● **Assignment**
Look through the listing below and write out exactly the lines from the line with "Landscape photography 20 no script" to the line with "サイズ : 12 inch)", both included, and no others.

● **Source data**

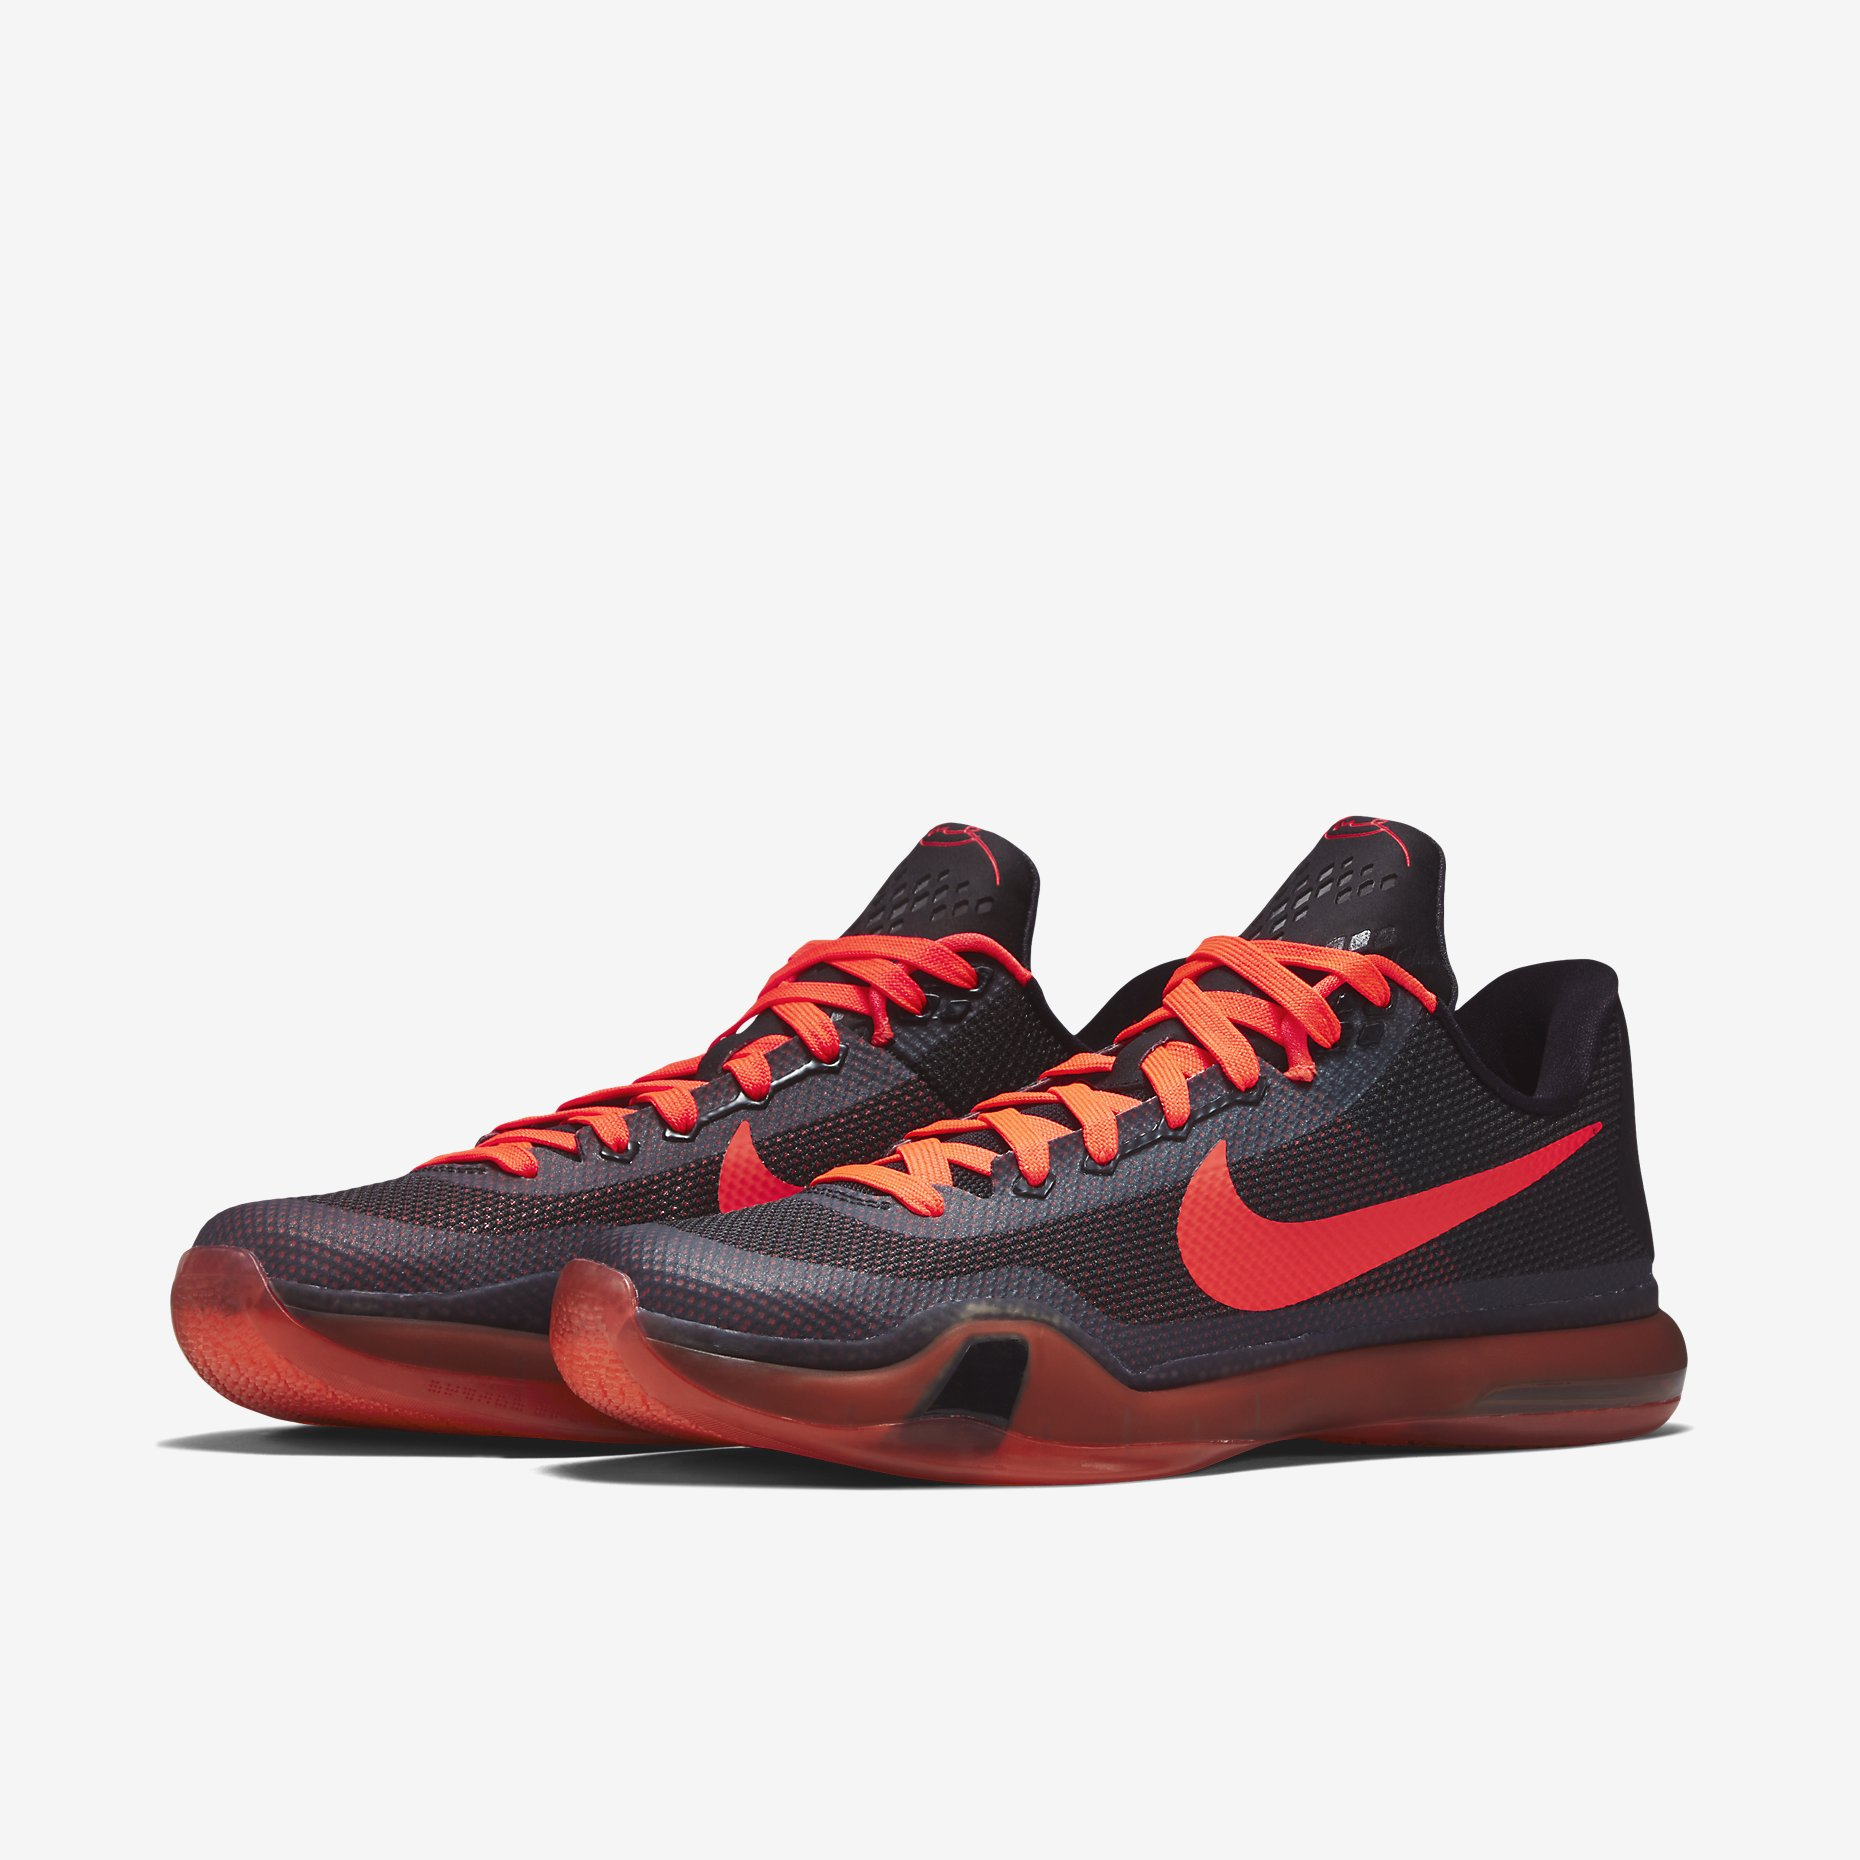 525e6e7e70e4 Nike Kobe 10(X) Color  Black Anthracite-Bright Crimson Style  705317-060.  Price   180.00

--

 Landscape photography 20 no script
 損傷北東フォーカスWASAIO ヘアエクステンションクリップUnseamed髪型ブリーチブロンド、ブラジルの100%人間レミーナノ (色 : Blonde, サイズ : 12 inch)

● **Reply**
 Landscape photography 20 no script
 損傷北東フォーカスWASAIO ヘアエクステンションクリップUnseamed髪型ブリーチブロンド、ブラジルの100%人間レミーナノ (色 : Blonde, サイズ : 12 inch)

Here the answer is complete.